Eric Green, M.D., Ph.D. December 10, 2019

December 2019 is a big “odometer month” for me!

Today (Dec. 10), I turn the dreaded 6-0. I am not entirely sure how to reflect on that milestone, other than to say, “it is what it is.” Some people do something extravagant or risk-taking to celebrate such senior birthdays – jump out of an airplane, buy a sports car, or climb Mount Everest. I took a much tamer approach, which is related to a second important “odometer moment” that occurred nine days ago.

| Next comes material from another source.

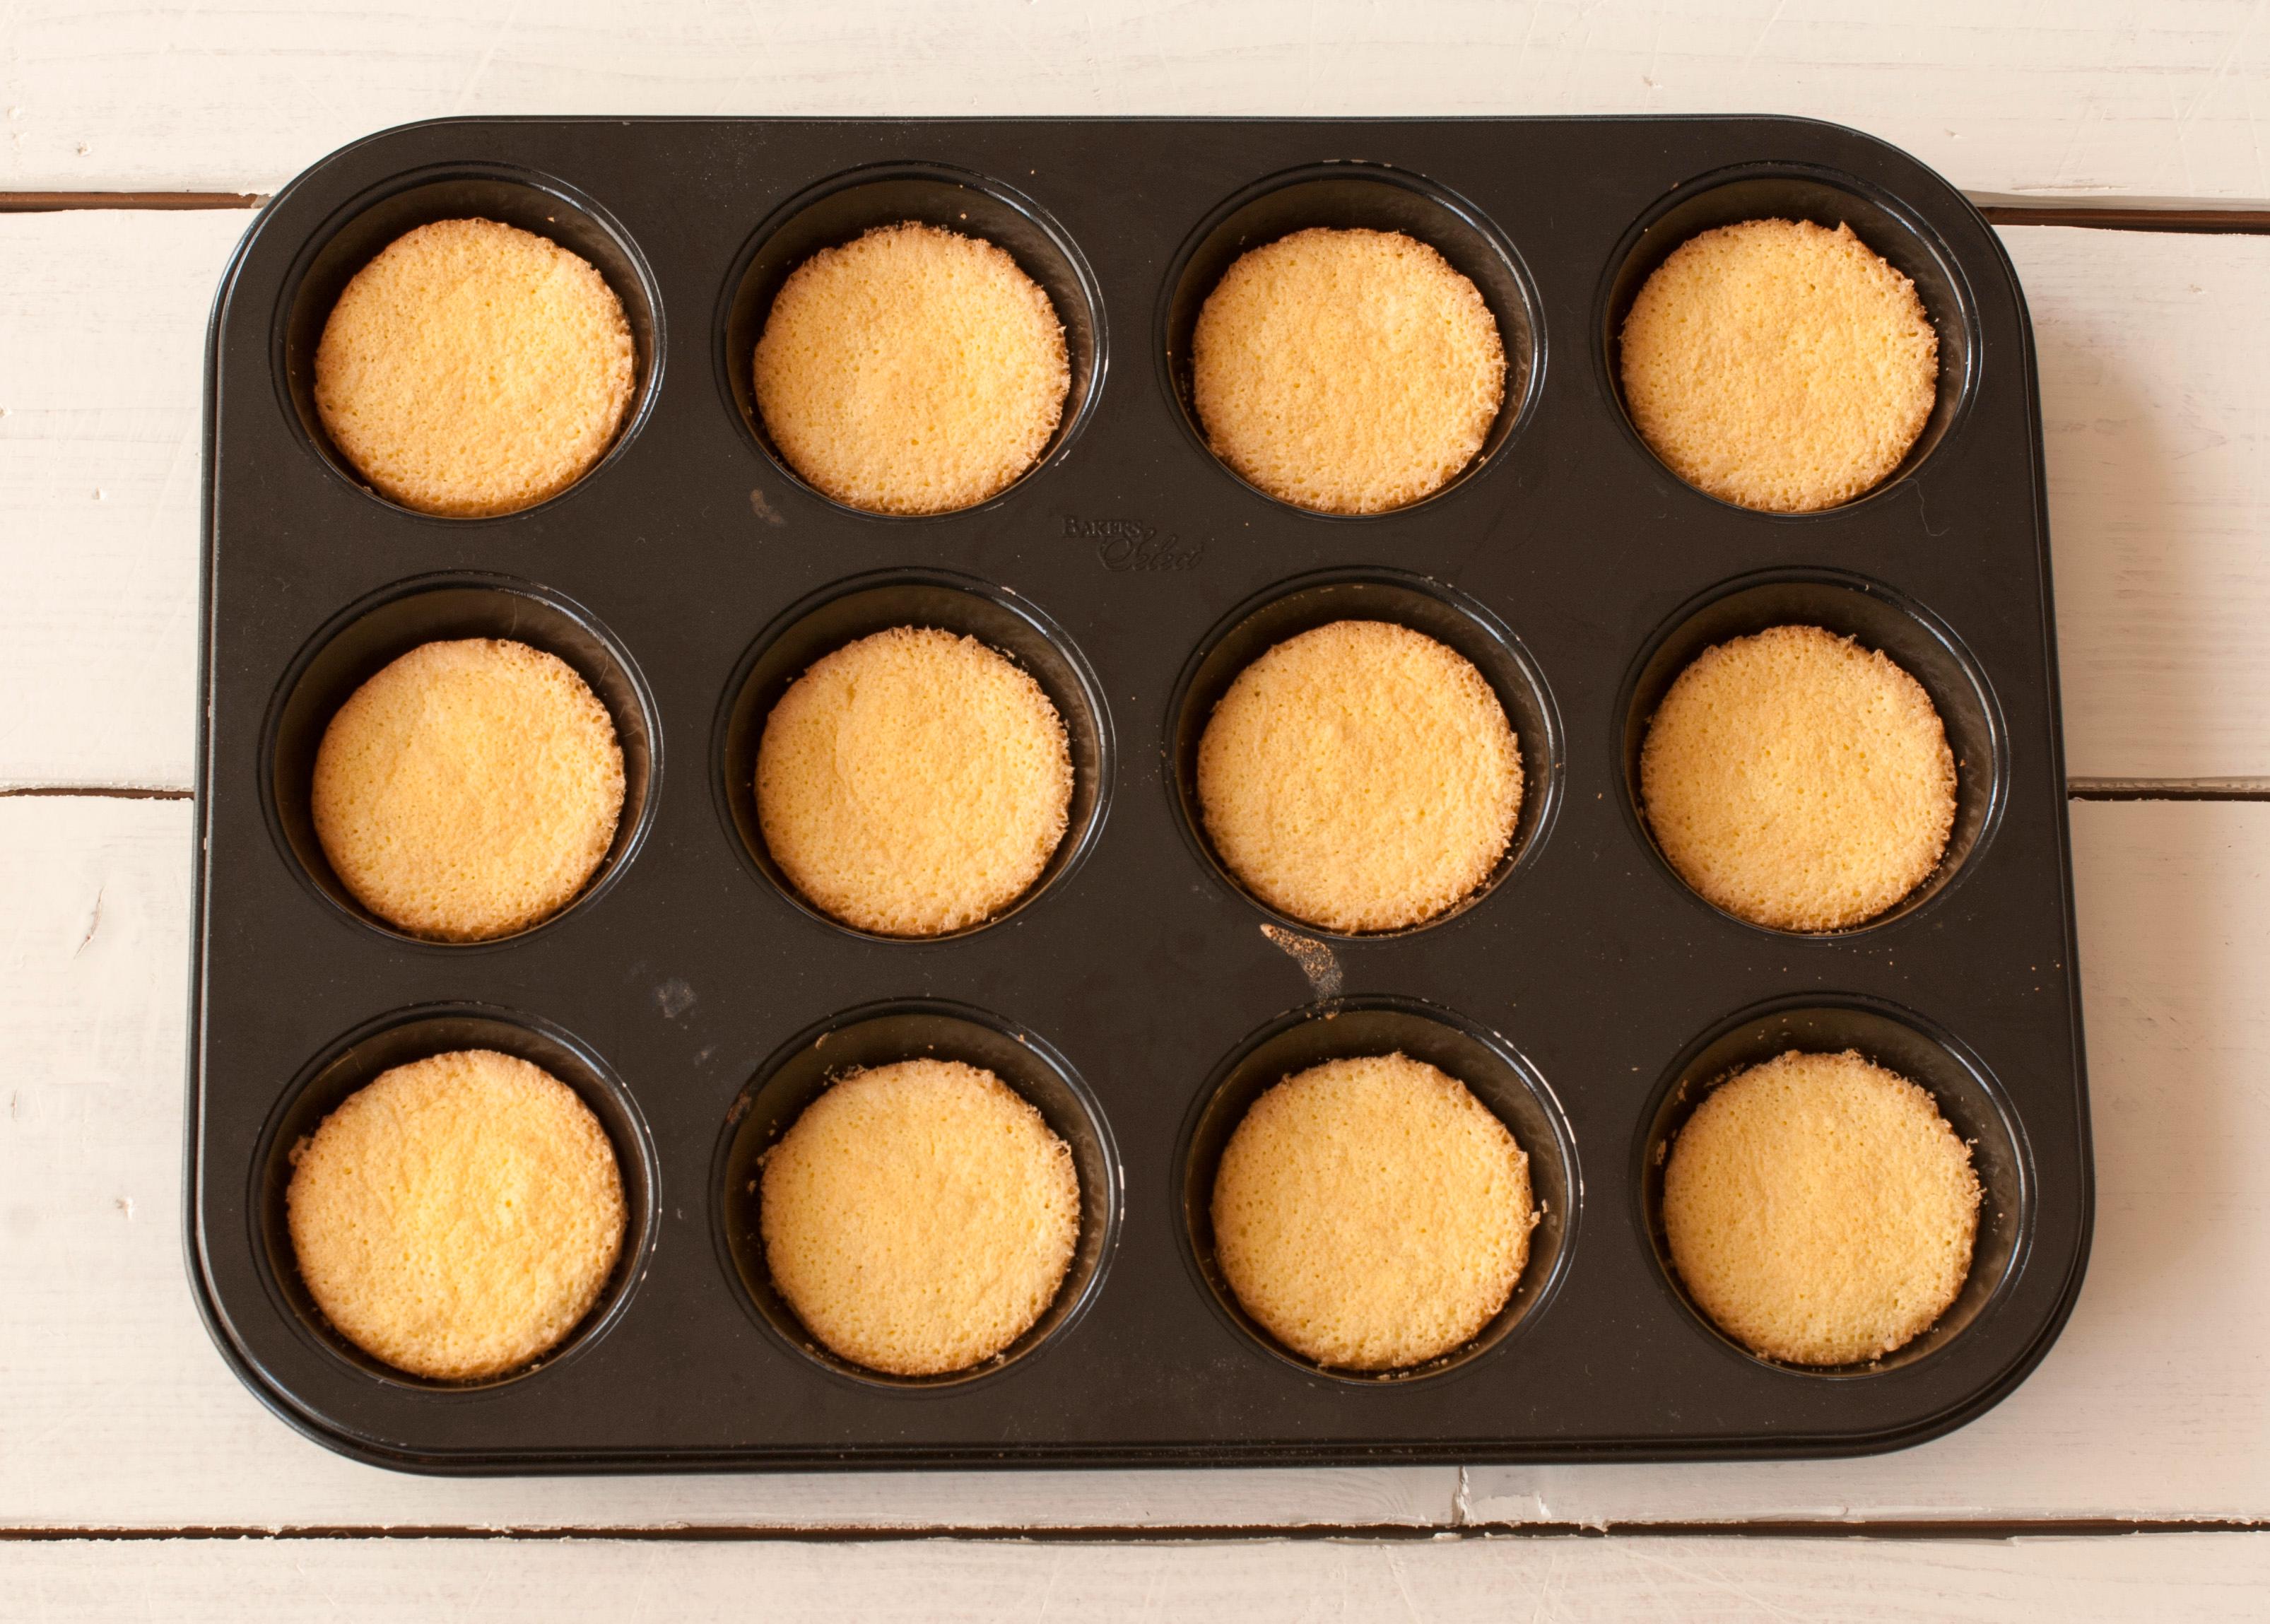 Forvarm ovnen til 200 grader. Smør en 12-hulls muffinsform godt med formfett eller smør. 

Dec. 1 marked my 10th anniversary as NHGRI Director, a milestone that I did not dread. Rather, I found myself immensely proud to have completed my first decade serving in this incredibly gratifying leadership role. To commemorate my next phase as NHGRI Director – and to avoid any of the above high-risk activities – I joined the Twitterverse, only a moderate-risk activity! By starting to personally use social media to communicate about NHGRI and genomics, I am hoping to stay better connected with friends, colleagues, and interested stakeholders – and perhaps even stay young. Through Twitter, I plan to provide regular updates about NHGRI and genomics research, news, and events. Follow and engage with me via @NHGRI_Director!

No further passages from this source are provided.